Bericht der Revisionskommission

Finanz- und Haushaltsprüfung der Jüdischen Gemeinde zu Halle (Saale) für den Zeitraum 01.01.2017-31.12.2017

Die Prüfung wurde von der am 18.12.2016 gewählten Revisionskommission durchgeführt. Besetzung der Kommission: Frau O. Brun, Herr A. Ronis, Frau N. Pashuk. In ihrer Arbeit wurde die Kommission von der Gemeindesatzung geleitet.

Über das Unterschriftsrecht für Finanzdokumente verfügten im Überprüfungszeitraum:

– der Vorsitzende der Gemeinde M. Privorozki (oder Stellvertreter V. Chifrine)

– der Gemeindekämmerer Y. Zalmover (oder Stellvertreter M. Privorozki)

– die Buchhalterin G. Vinokur (ab Mai 2017 – A. Karpilowski und K. Mettendorf).

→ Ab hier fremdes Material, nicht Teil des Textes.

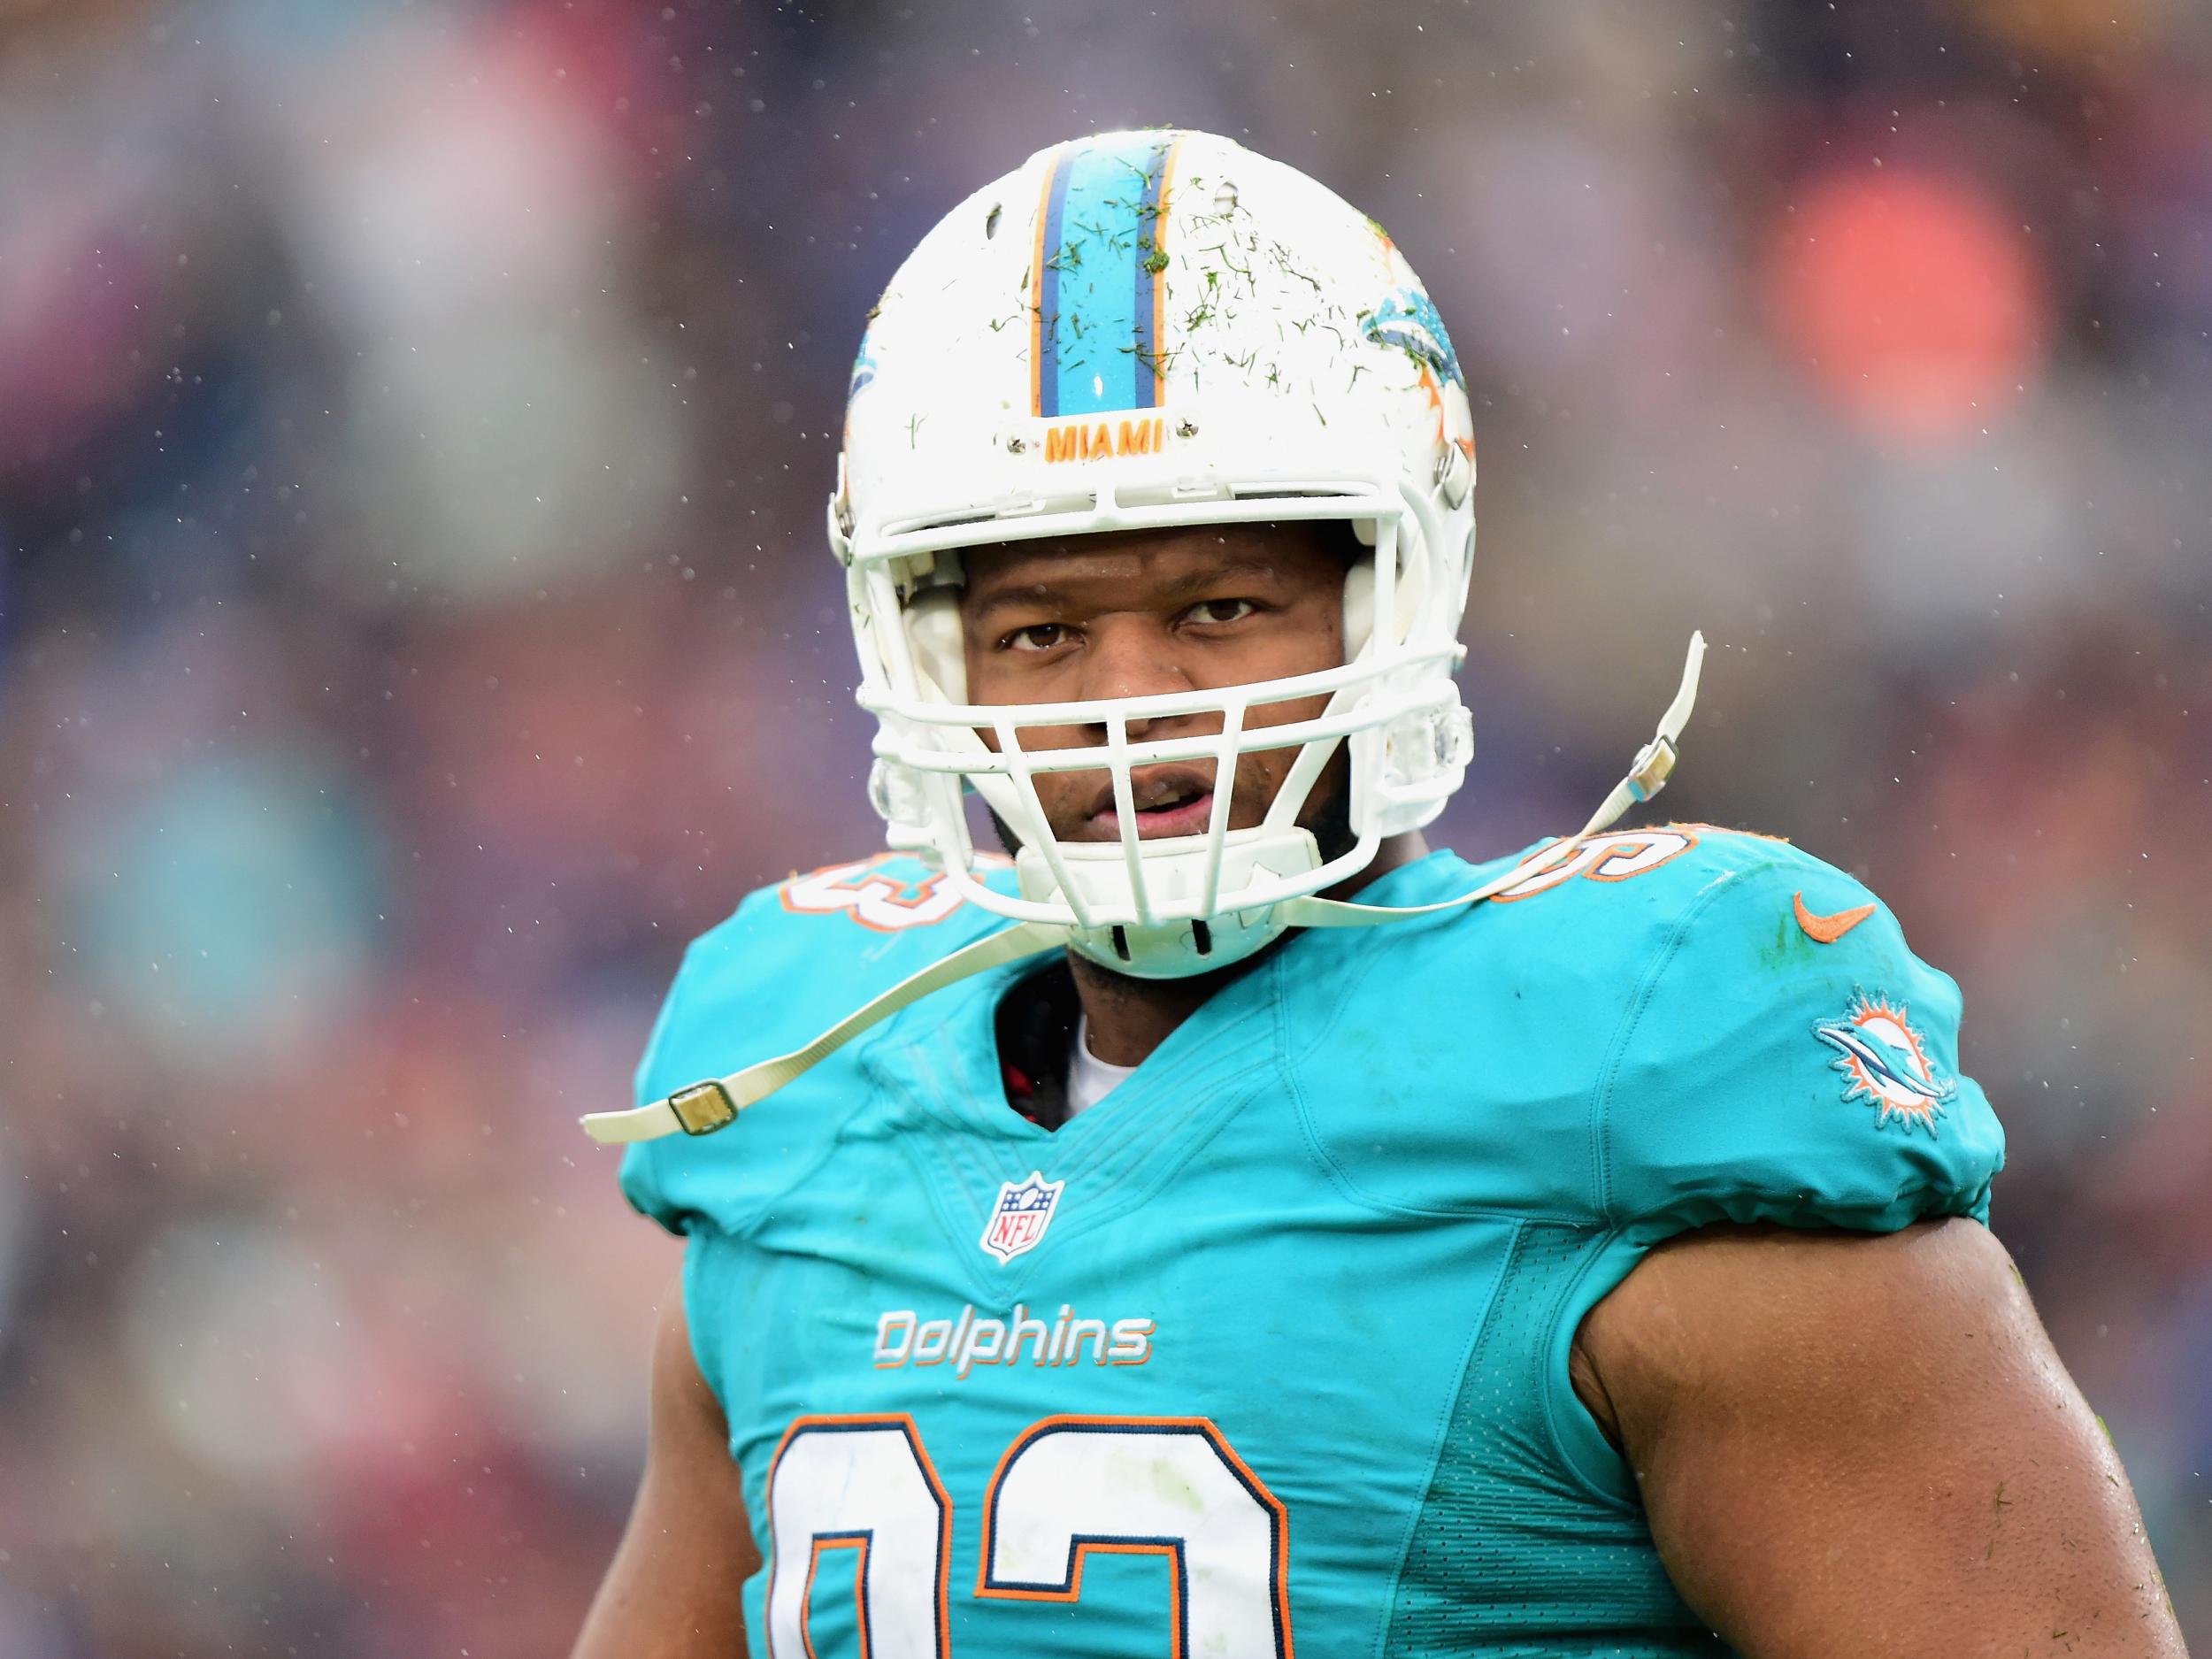 Ndamukong Suh believes the best way to stop Brady is to 'hit him repeatedly'
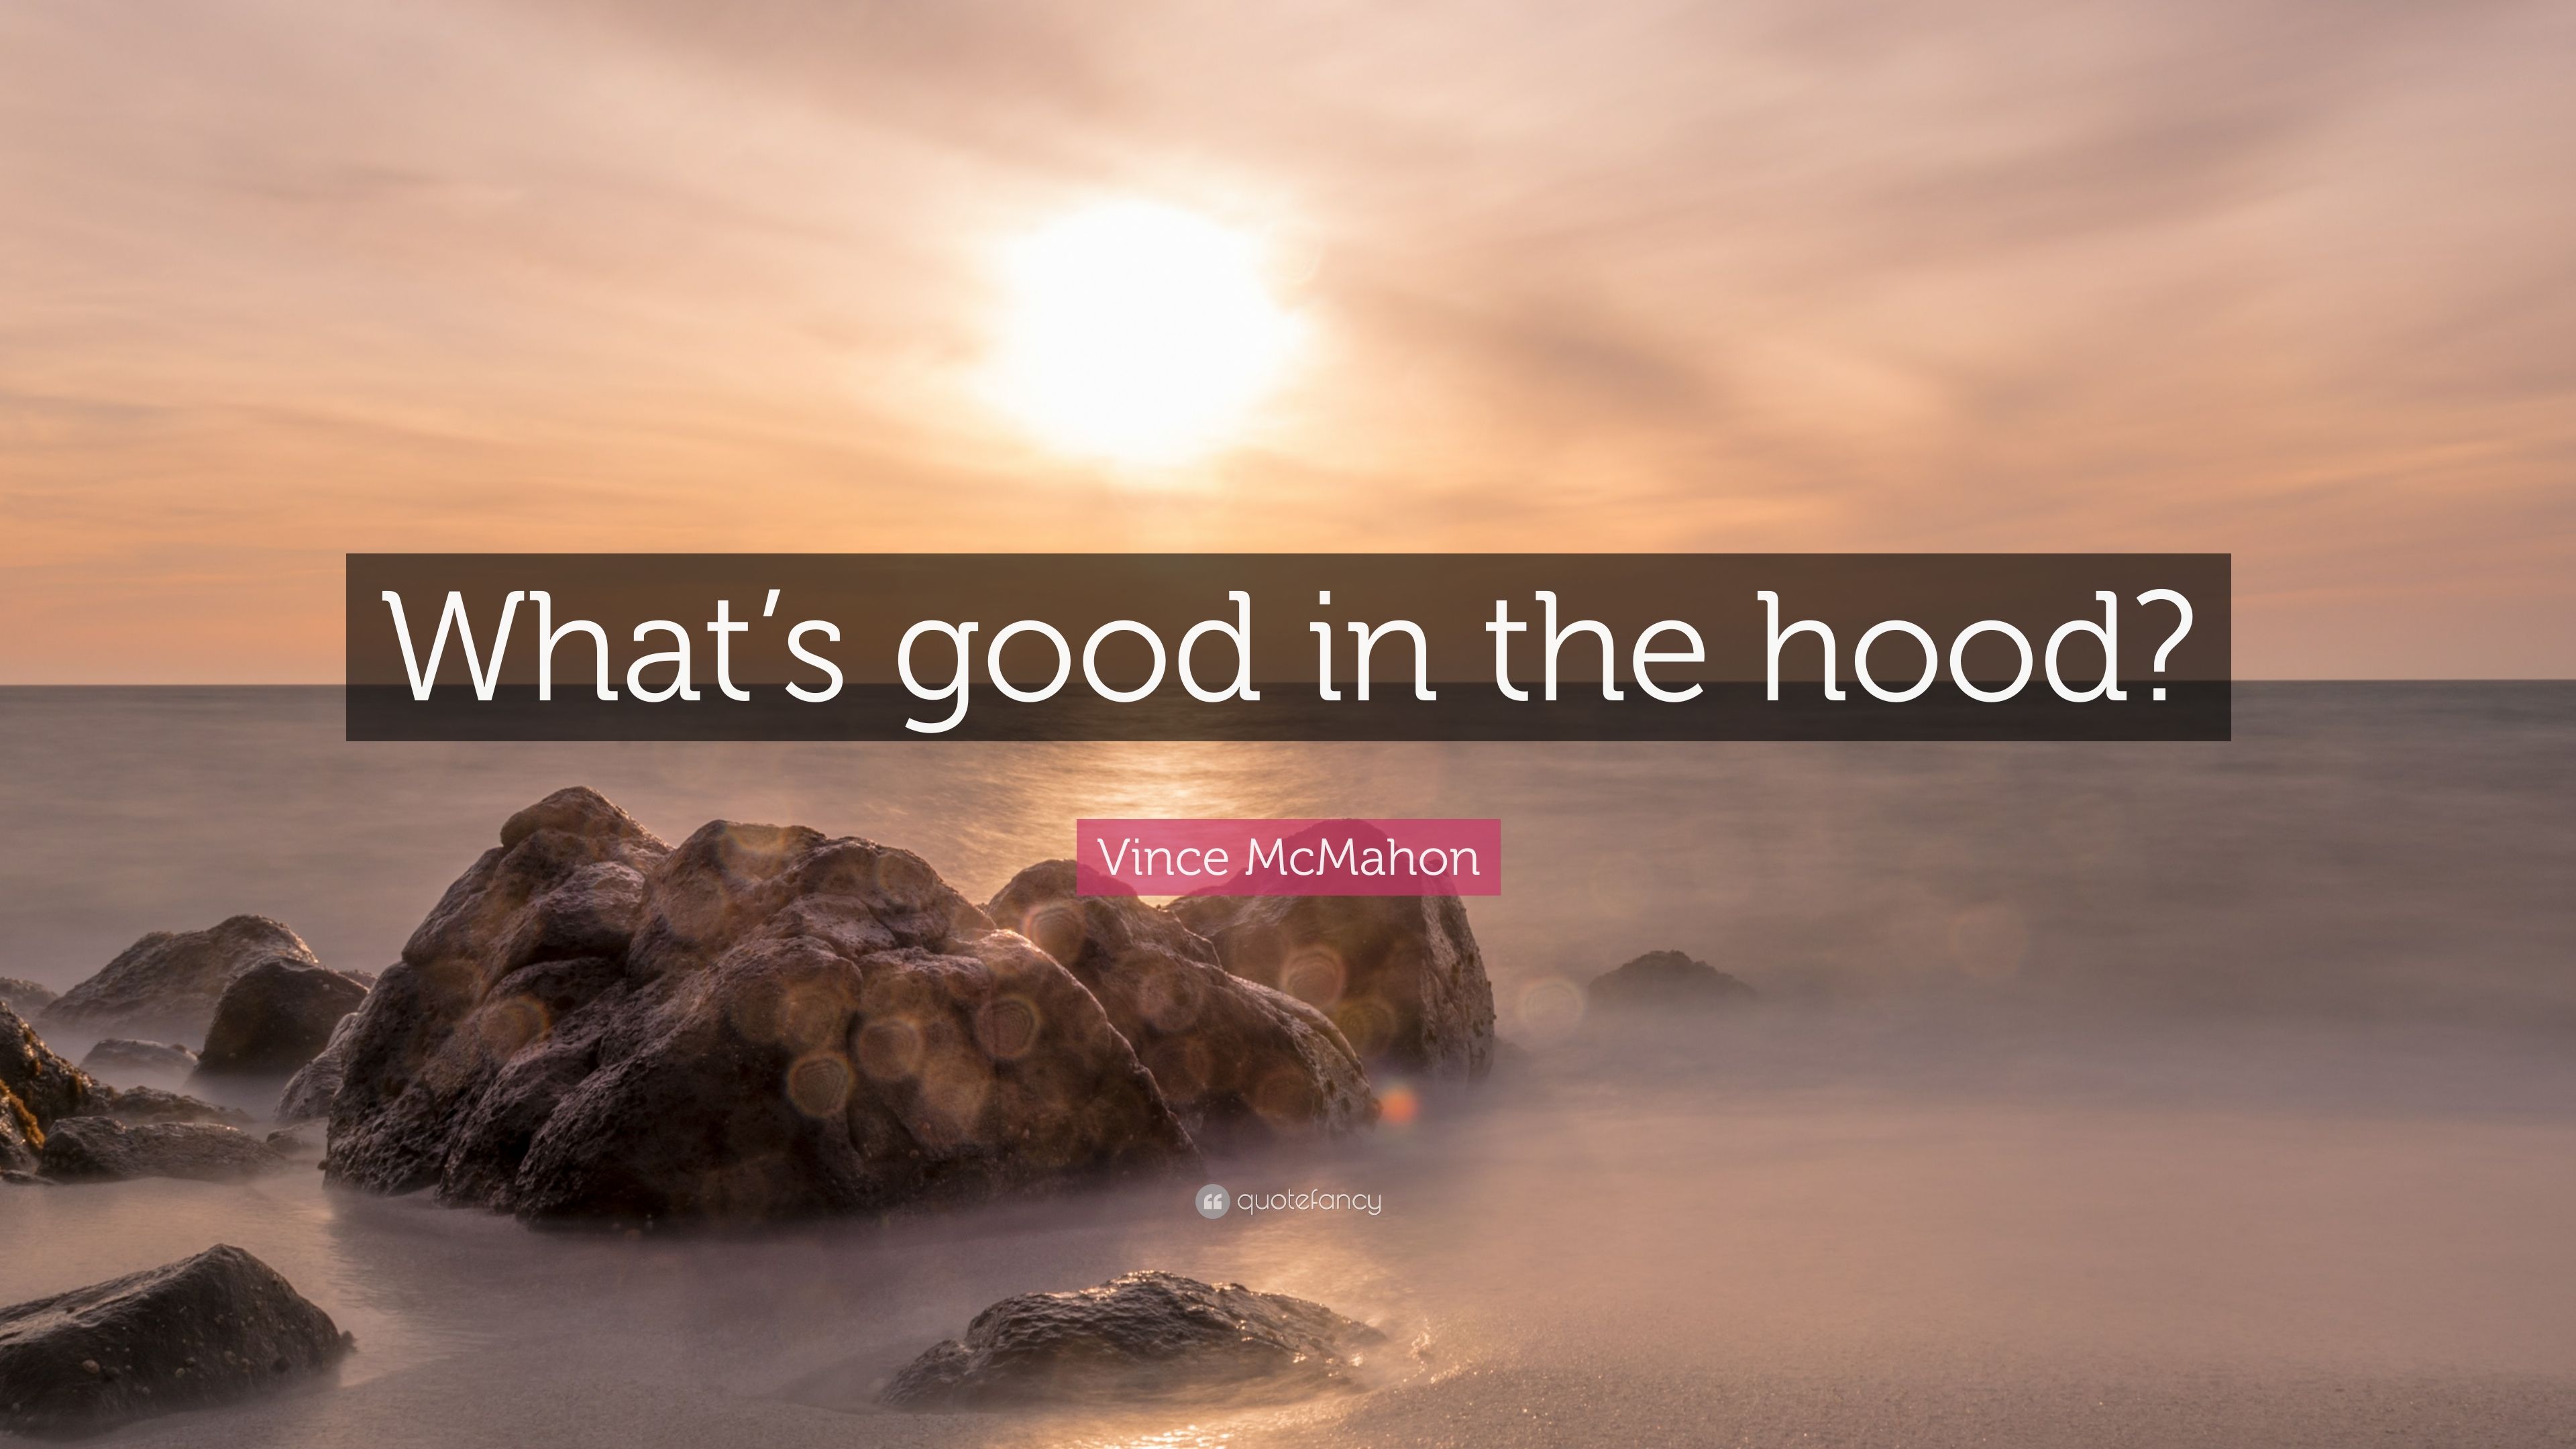 Vince McMahon Quote: “What's good in the hood?” 7 wallpaper

Die Revisionskommission nahm Einsicht in die Protokolle der Sitzungen des Repräsentantenausschusses und des Vorstandes.

Die Finanz- und Haushaltsprüfung der Gemeinde wurde nach folgender Einteilung durchgeführt:

  • Finanzierungsquellen für die Tätigkeit der Gemeinde, Haushaltsplan und dessen Erfüllung
  • Bank- und Kassenbewegungen, buchhalterische Dokumentation, Jahresbilanz für 2017
  • Stellenplan
  • Wirtschaftsprüfungsbericht für das Jahr 2017 der Fa. Dr. Dieterichs WP mbH aus Bremen
  • Immobilien und Ausgaben für Unterhaltung und Reparatur der Objekte
  • Anzahl der Gemeindemitglieder und Mitgliederbeiträge und deren Berücksichtigung

Durch die Prüfung wurde festgestellt:

Der Haushaltsplan mit Einnahmen und Ausgaben für 2017 wurde vom Vorstand ausgearbeitet (Herr Privorozki, Herr Chifrine, Herr Zalmover). Der Haushaltsplan ist von der Repräsentantenversammlung am 19.01.2017 bestätigt worden (2. Sitzung des Repräsentantenausschusses). Der Haushaltsplan wurde unter Berücksichtigung der Erfordernisse des Haushalts in der 5. Sitzung (10.09.2017) des Repräsentantenausschusses korrigiert. Im Haushaltsplan sind planmäßige Zuwendungen von staatlichen Einrichtungen sowie eigene Einkünfte der Gemeinde berücksichtigt. Die Aktivitäten der Gemeinde wurden in Übereinstimmung mit dem Haushaltsplan finanziert. Der Zweck der Mittelverwendung ist im Haushaltsplan definiert. Auf Basis des Haushaltsplans arbeitete der Vorstand monatlich einen Plan konkreter Veranstaltungen und Maßnahmen aus, mit denen die religiöse, soziale, kulturelle und integrative Tätigkeit der Gemeinde gewährleistet wurde.

Die Termine der Veranstaltungen können eingesehen werden – sie werden regelmäßig im Gemeindemagazin des Bundes traditioneller Juden in Deutschland veröffentlicht und auf der Homepage der Gemeinde angezeigt.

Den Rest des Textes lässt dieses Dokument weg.